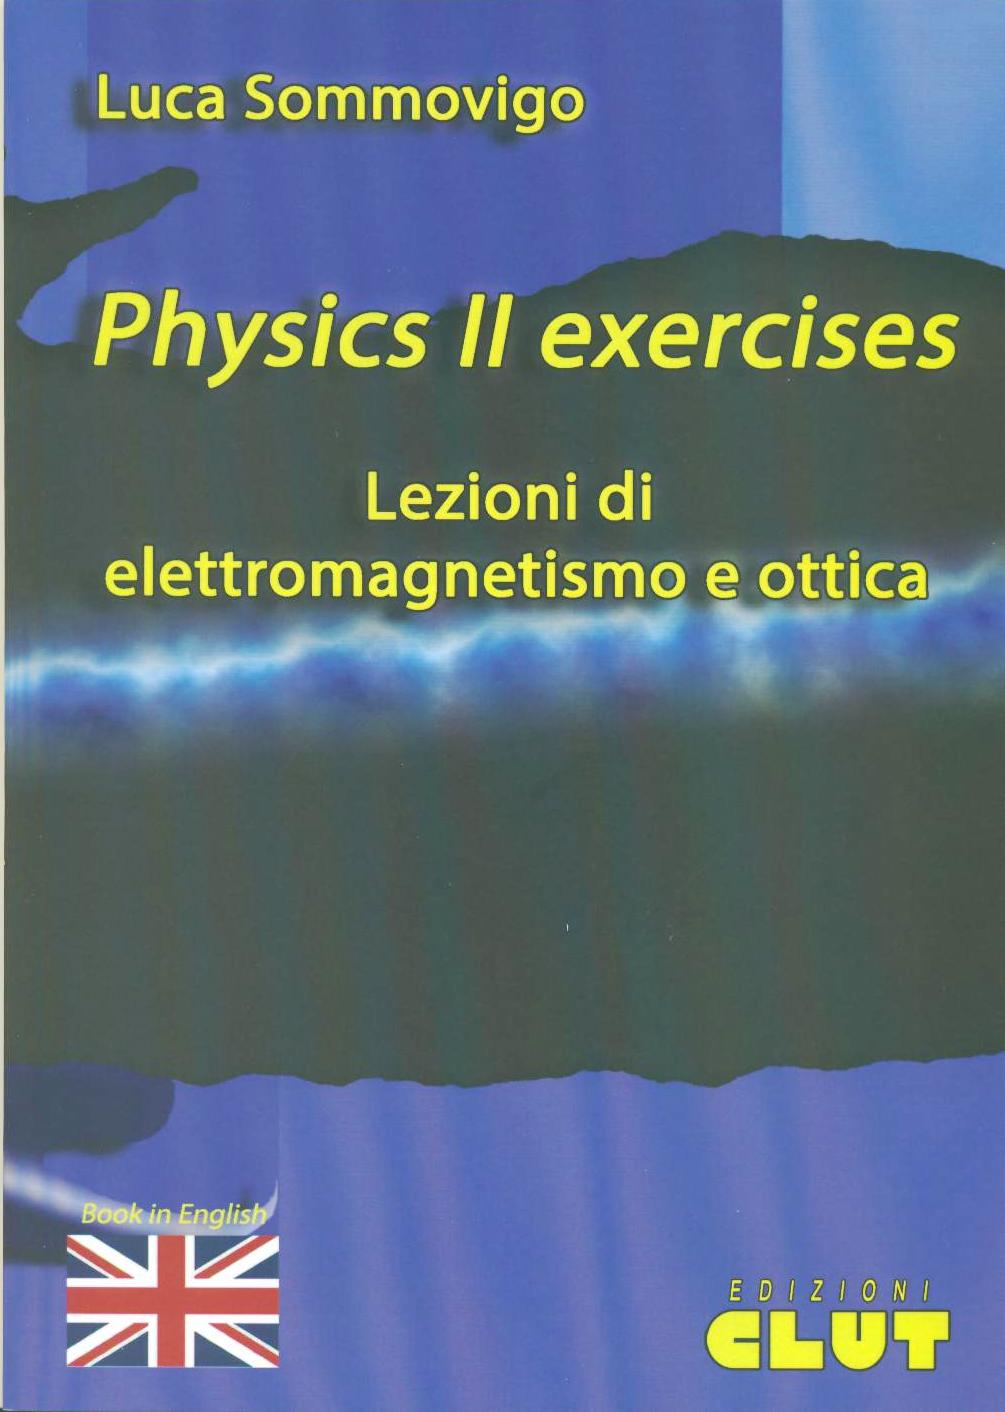 PHYSICS II EXERCISES - Lezioni di elettromagnetismo e ottica
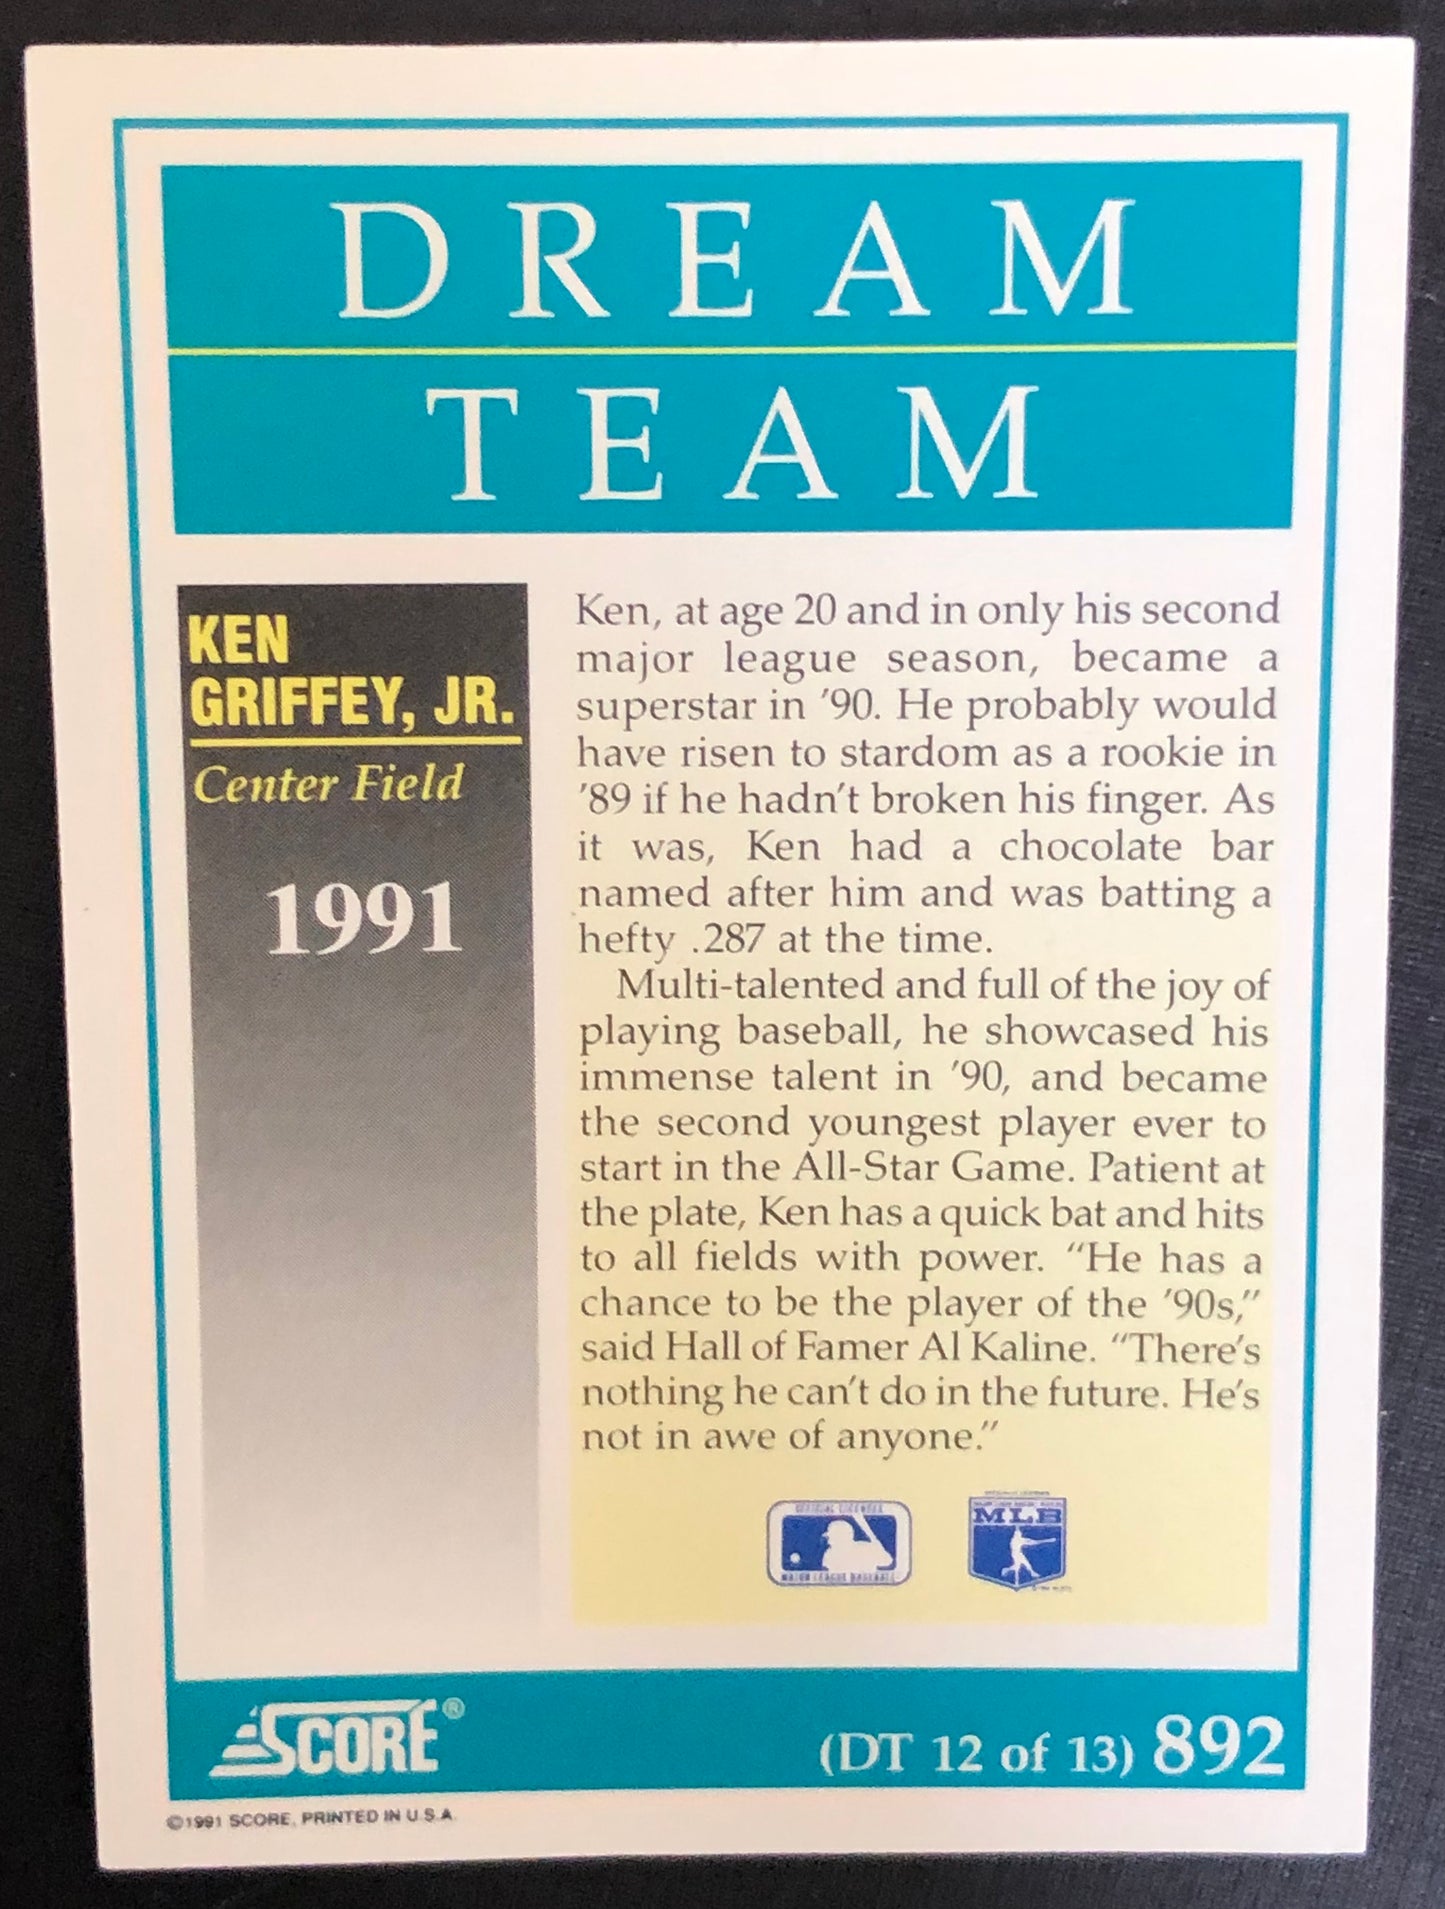 1991 Score #892 Ken Griffey Jr. - Dream Team
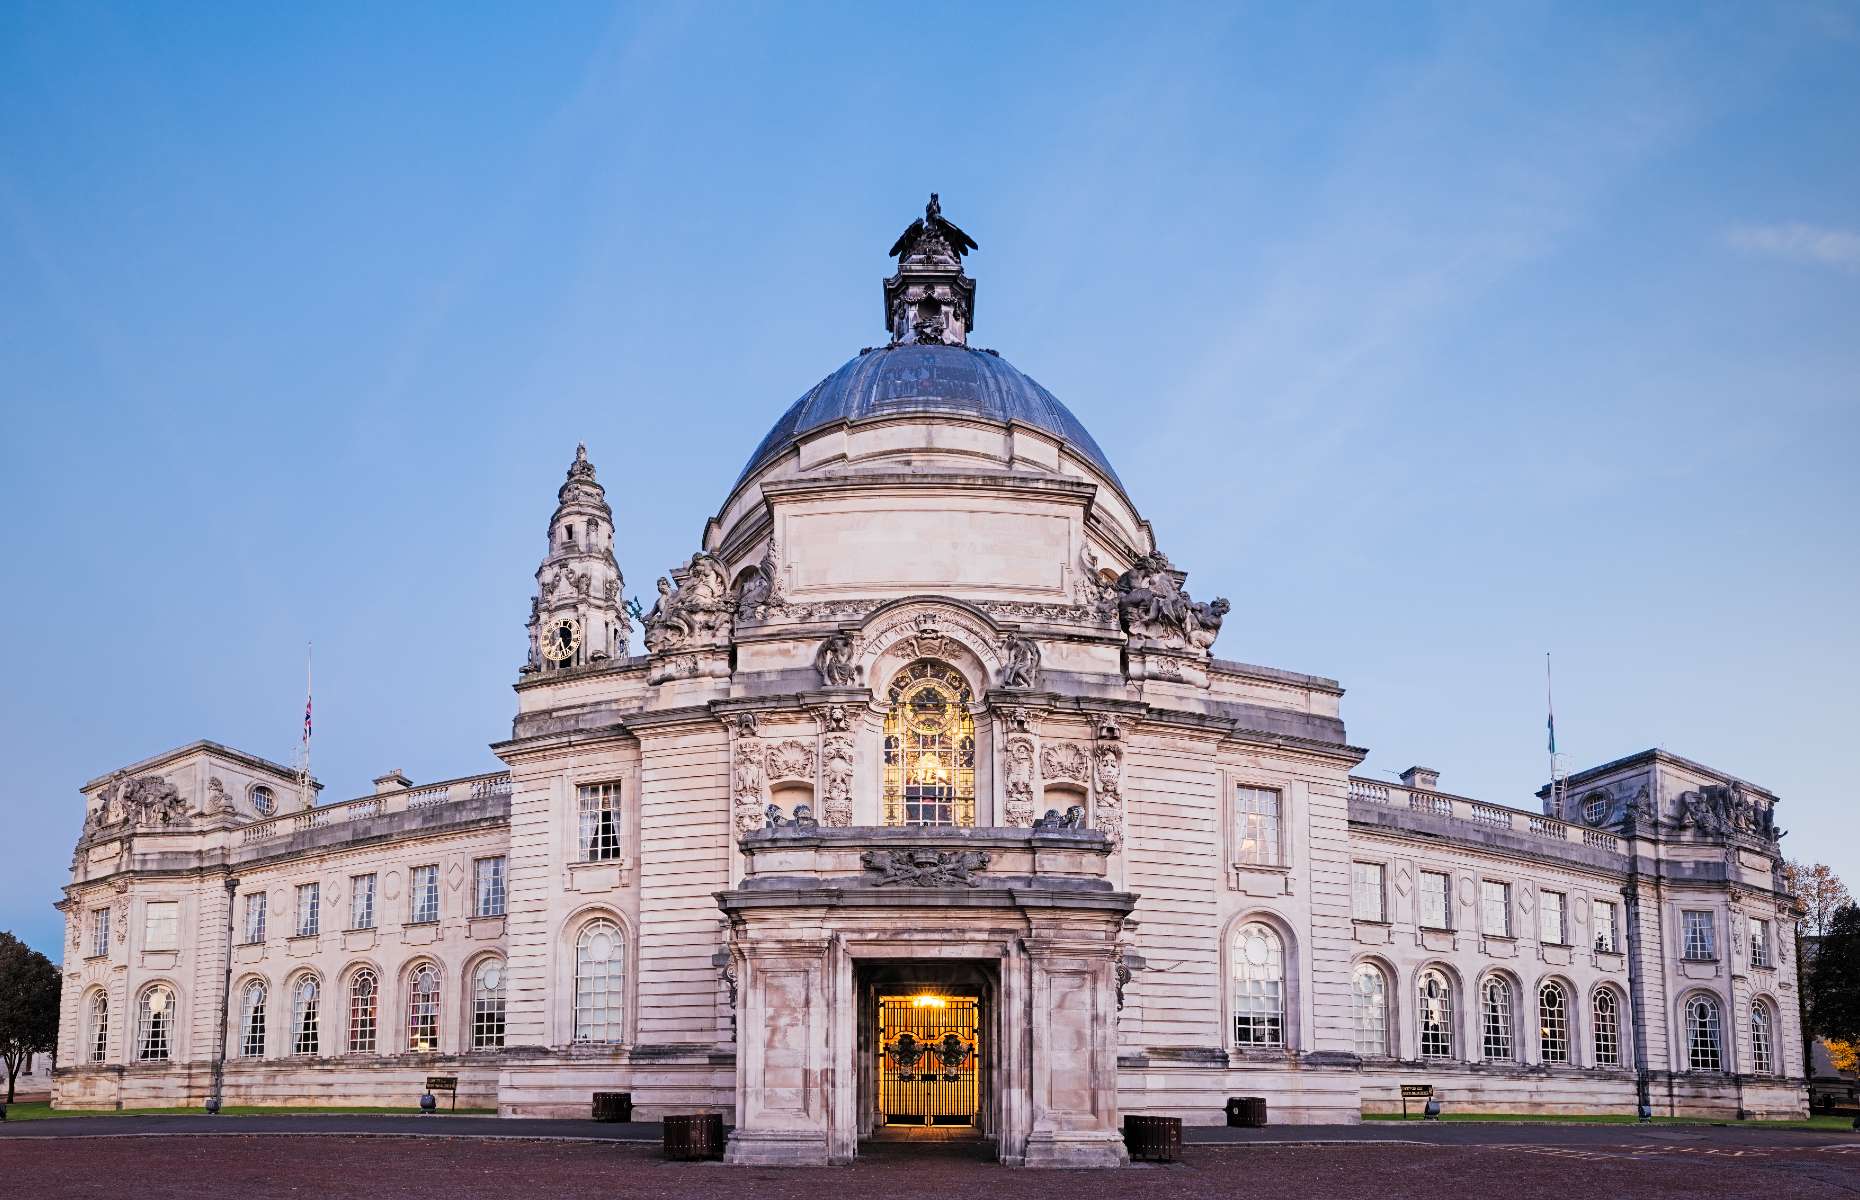 City Hall, Cardiff (Image: Chris Goddard/Shutterstock)

[EXERCISE AIM] Could you repeat all of the material exactly? Pictures should not be copied.

[REPLY TO THE TASK]
 PHYSICS II EXERCISES - Lezioni di elettromagnetismo e ottica
 1991 Score #892 Ken Griffey Jr. - Dream Team
 City Hall, Cardiff (Image: Chris Goddard/Shutterstock)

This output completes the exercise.